* WORK TASK *
Set down, please, exactly the lines below that run from the line with "Pants denim, BLUE" to the line with "TMI Black Cloth", both lines included.

(Recorded data)
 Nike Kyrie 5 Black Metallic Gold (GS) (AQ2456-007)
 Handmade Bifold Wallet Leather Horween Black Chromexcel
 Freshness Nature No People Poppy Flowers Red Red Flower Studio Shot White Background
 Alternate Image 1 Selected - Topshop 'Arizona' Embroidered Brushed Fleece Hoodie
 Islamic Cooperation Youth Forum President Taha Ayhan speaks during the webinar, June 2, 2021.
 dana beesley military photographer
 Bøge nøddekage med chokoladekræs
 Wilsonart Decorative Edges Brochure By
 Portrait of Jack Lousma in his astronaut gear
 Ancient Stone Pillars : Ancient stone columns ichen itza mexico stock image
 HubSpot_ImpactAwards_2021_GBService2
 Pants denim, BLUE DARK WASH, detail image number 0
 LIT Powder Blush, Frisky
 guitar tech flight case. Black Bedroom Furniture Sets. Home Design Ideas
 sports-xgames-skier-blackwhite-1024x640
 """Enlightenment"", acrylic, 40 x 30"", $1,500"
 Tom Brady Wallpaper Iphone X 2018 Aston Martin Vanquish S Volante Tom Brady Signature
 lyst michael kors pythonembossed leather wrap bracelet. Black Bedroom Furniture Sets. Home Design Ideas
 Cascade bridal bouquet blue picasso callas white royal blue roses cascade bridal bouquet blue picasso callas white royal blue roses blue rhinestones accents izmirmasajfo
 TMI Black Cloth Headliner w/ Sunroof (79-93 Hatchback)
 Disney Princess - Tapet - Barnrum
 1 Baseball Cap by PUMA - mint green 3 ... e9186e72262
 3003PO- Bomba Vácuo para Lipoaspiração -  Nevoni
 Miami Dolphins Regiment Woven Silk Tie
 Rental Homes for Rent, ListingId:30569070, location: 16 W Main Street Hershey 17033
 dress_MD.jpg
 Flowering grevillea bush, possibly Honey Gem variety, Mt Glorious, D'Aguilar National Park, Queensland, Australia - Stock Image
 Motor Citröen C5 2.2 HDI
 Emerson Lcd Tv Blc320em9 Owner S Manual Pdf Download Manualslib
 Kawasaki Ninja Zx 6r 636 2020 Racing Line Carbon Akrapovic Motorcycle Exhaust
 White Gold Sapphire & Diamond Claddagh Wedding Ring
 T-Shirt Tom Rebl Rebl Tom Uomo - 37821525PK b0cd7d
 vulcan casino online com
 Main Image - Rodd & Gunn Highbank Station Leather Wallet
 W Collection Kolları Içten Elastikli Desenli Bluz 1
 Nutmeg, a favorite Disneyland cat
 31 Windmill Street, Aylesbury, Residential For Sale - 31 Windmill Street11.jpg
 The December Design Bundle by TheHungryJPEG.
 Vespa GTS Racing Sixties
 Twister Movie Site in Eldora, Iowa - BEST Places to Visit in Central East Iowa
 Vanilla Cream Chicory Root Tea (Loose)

* OUTPUT OF THE EXERCISE *
 Pants denim, BLUE DARK WASH, detail image number 0
 LIT Powder Blush, Frisky
 guitar tech flight case. Black Bedroom Furniture Sets. Home Design Ideas
 sports-xgames-skier-blackwhite-1024x640
 """Enlightenment"", acrylic, 40 x 30"", $1,500"
 Tom Brady Wallpaper Iphone X 2018 Aston Martin Vanquish S Volante Tom Brady Signature
 lyst michael kors pythonembossed leather wrap bracelet. Black Bedroom Furniture Sets. Home Design Ideas
 Cascade bridal bouquet blue picasso callas white royal blue roses cascade bridal bouquet blue picasso callas white royal blue roses blue rhinestones accents izmirmasajfo
 TMI Black Cloth Headliner w/ Sunroof (79-93 Hatchback)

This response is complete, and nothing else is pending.